Circulating high-density lipoprotein particle (HDL-P) subfractions impact atherogenesis, inflammation, and endothelial function, all of which are implicated in the pathobiology of heart failure (HF).

The authors sought to identify key differences in plasma HDL-P subfractions between patients with HF with reduced ejection fraction (HFrEF) and HF with preserved ejection fraction (HFpEF) to determine their prognostic utility.

Patients with HFrEF (n = 782), HFpEF (n = 1,004), and no HF (n = 4,742) were identified in the CATHGEN (Catheterization Genetics) biorepository of sequential patients undergoing cardiac catheterization. Nuclear magnetic resonance-based lipoprotein profiling was performed on frozen fasting plasma obtained at catheterization. The authors used multivariable analysis of covariance to compare high-density lipoprotein particle (HDL-P) subfractions across groups, and Cox proportional hazards modeling to determine associations between HDL-P subfractions and time to death or major adverse cardiac events.
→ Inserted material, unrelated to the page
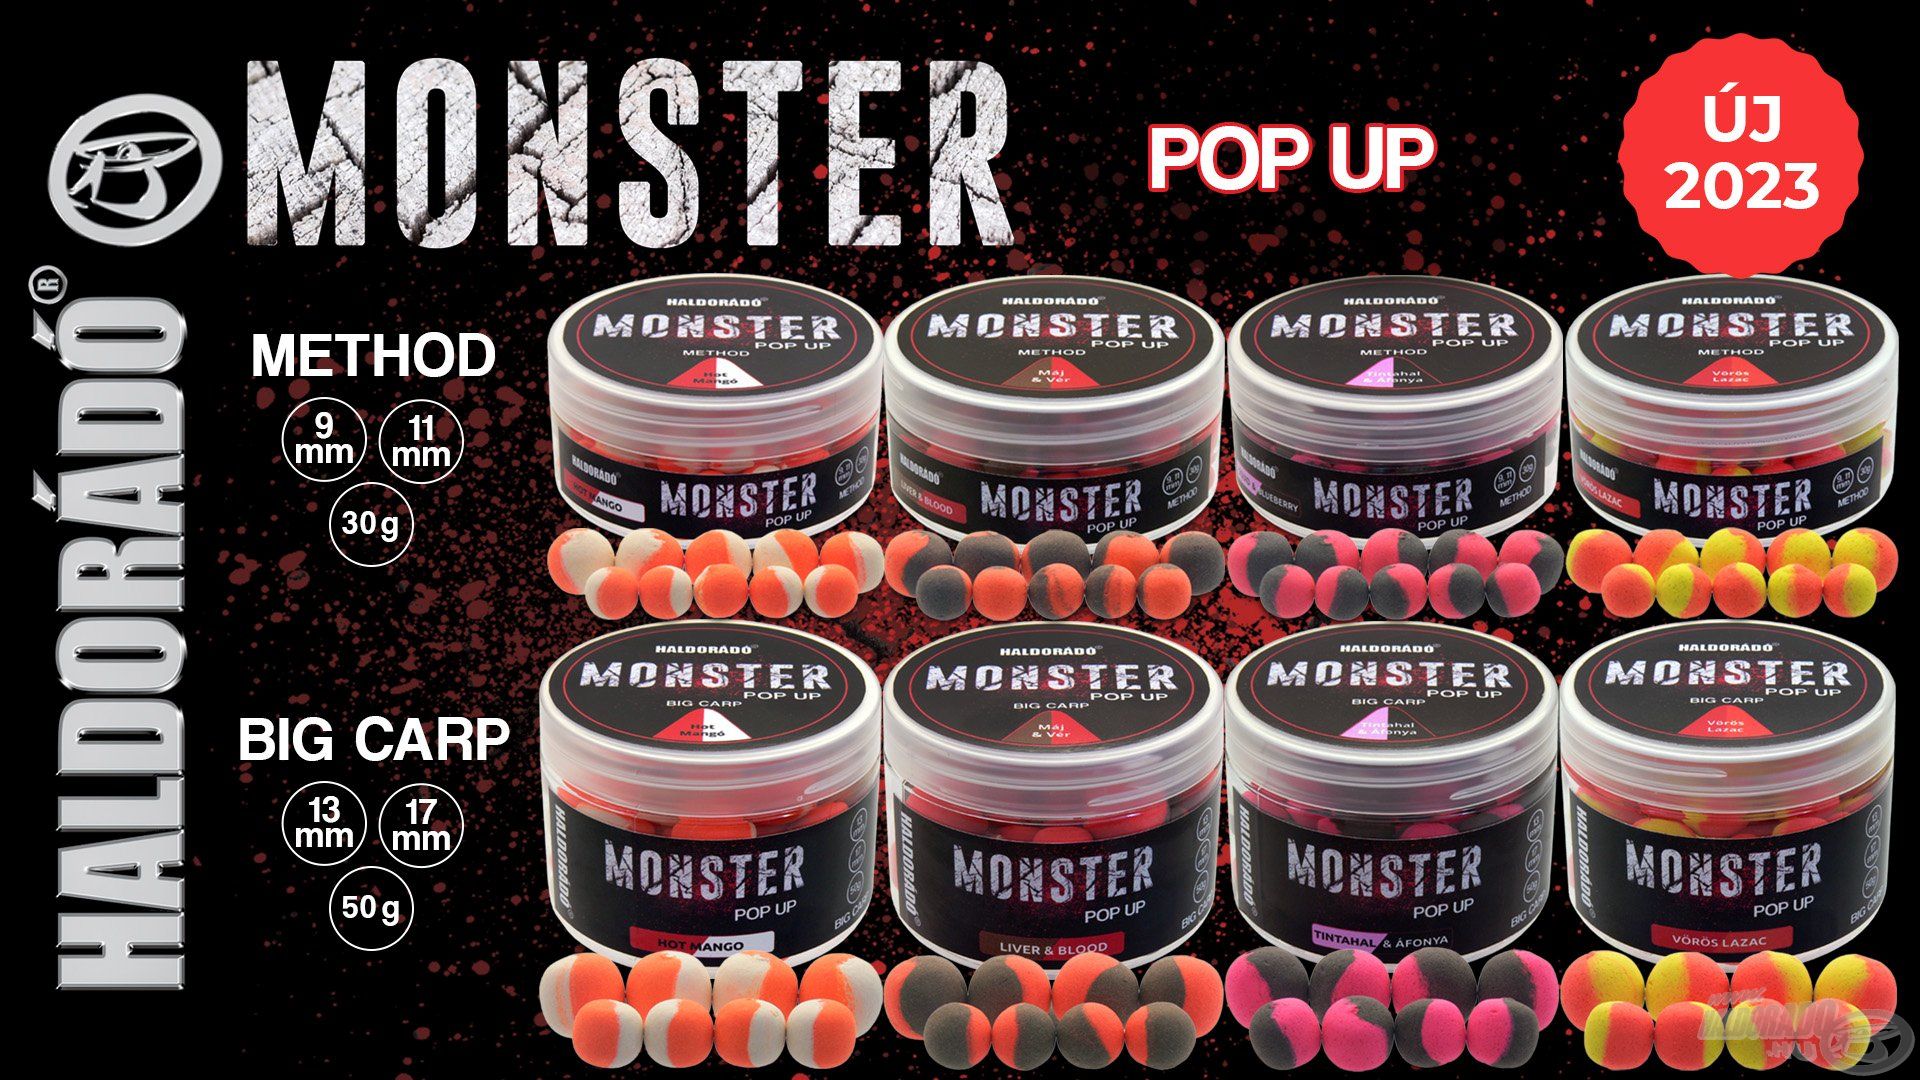 Íme, a MONSTER Pop Up termékcsalád!

Mean HDL-P size was greater in HFrEF than HFpEF, both of which were greater than in no HF (all 2-way p < 0.0001). By contrast, concentrations of small HDL-P and total HDL-P were lesser in HFrEF than HFpEF, which were both lesser than no HF (all 2-way p ≤ 0.0002). In both HFrEF and HFpEF, total HDL-P and small HDL-P were inversely associated with time to adverse events. These findings persisted after adjustment for 14 clinical covariates (including high-density lipoprotein cholesterol content, coronary artery disease, and the inflammatory biomarker GlycA), and in sensitivity analyses featuring alternate left ventricular ejection fraction definitions, or stricter inclusion criteria with diastolic dysfunction or left ventricular end-diastolic pressure thresholds.

In the largest analysis of HDL-P subfractions in HF to date, derangements in HDL-P subfractions were identified that were more severe in HFrEF than HFpEF and were independently associated with adverse outcomes. These data may help refine risk assessment and provide new insights into the complex interaction of HDL and HF pathophysiology.